# For a friend



## manda (Jul 10, 2004)

Nobody ever reads these but what the hell...


See the sunrise over your smile
So shallow and stale the night becomes
the sun wrapped up in a black box
shadowed from your day
let it out
to burst your soul again

Like the summer song
that whistles under your mind at night
wrap your heart in its warm
let a new sunrise tread lightly
on your days gone, to find a place
inside your big, brave world.

gravity wont let you fall
the arms and hands bound around you
will let you lean gently into the light

if i could find you wings to fly upon
i would
if i could give you a note to sing upon
i would

step into the sun that will carry you
to the place you want to be....


----------



## photogoddess (Jul 11, 2004)

Oh - we read em alright.  This forum just leave some of us speachless sometimes. 

Very nice!


----------



## Luminosity (Jul 11, 2004)

Thats beautiful Manda.
Theres a sadness curling around your words yet at the same time it has that ' free' feelin about it...as if one was letting  their beloved bird out of its cage , to let it soar out into the world..


----------



## manda (Jul 11, 2004)

thanks girls


----------



## markc (Jul 11, 2004)

Wow, manda.

That's both moving and inspiring.
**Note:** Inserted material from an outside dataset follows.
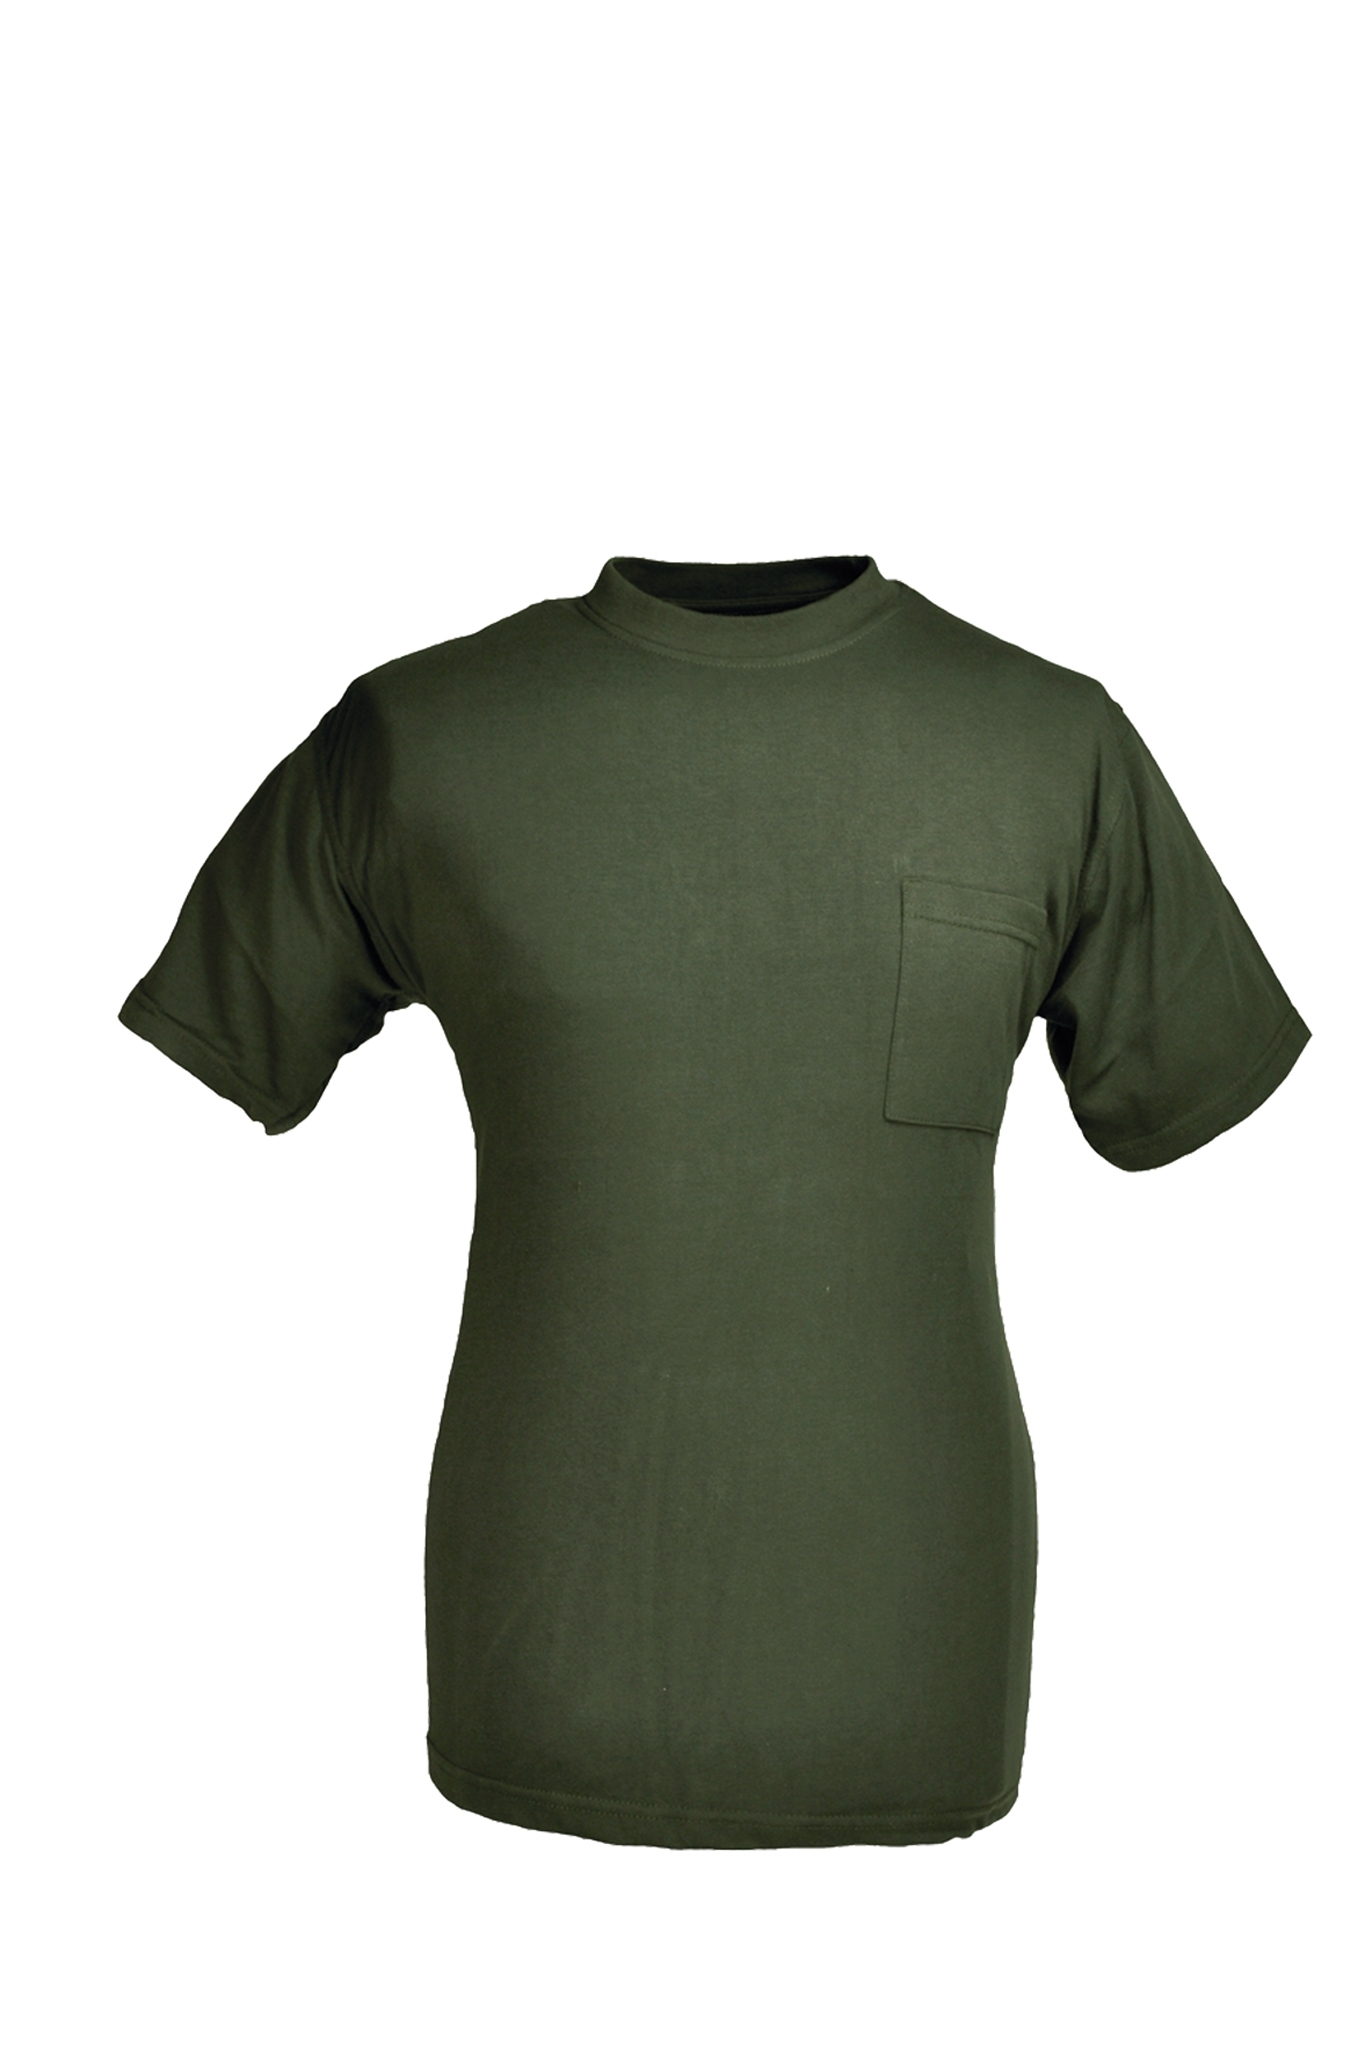 Rundhals T-Shirt oliv Gr.M 10227843

Well done.


----------



## japmula (Jul 14, 2004)

manda said:
			
		

> So shallow and stale the night becomes
> the sun wrapped up in a black box
> shadowed from your day
> let it out
> to burst your soul again



I love that!  Shows me what a beautiful mind you possess...=)


----------



## Karalee (Jul 14, 2004)

I...I read them....but sometimes like this one theres just nothing left to be said...


----------



## hobbes28 (Jul 14, 2004)

[insert witty comment here]

That is a wonderful poem.


----------



## airgunr (Jul 14, 2004)

I read them, just at a loss for words at times.  

I like it.


----------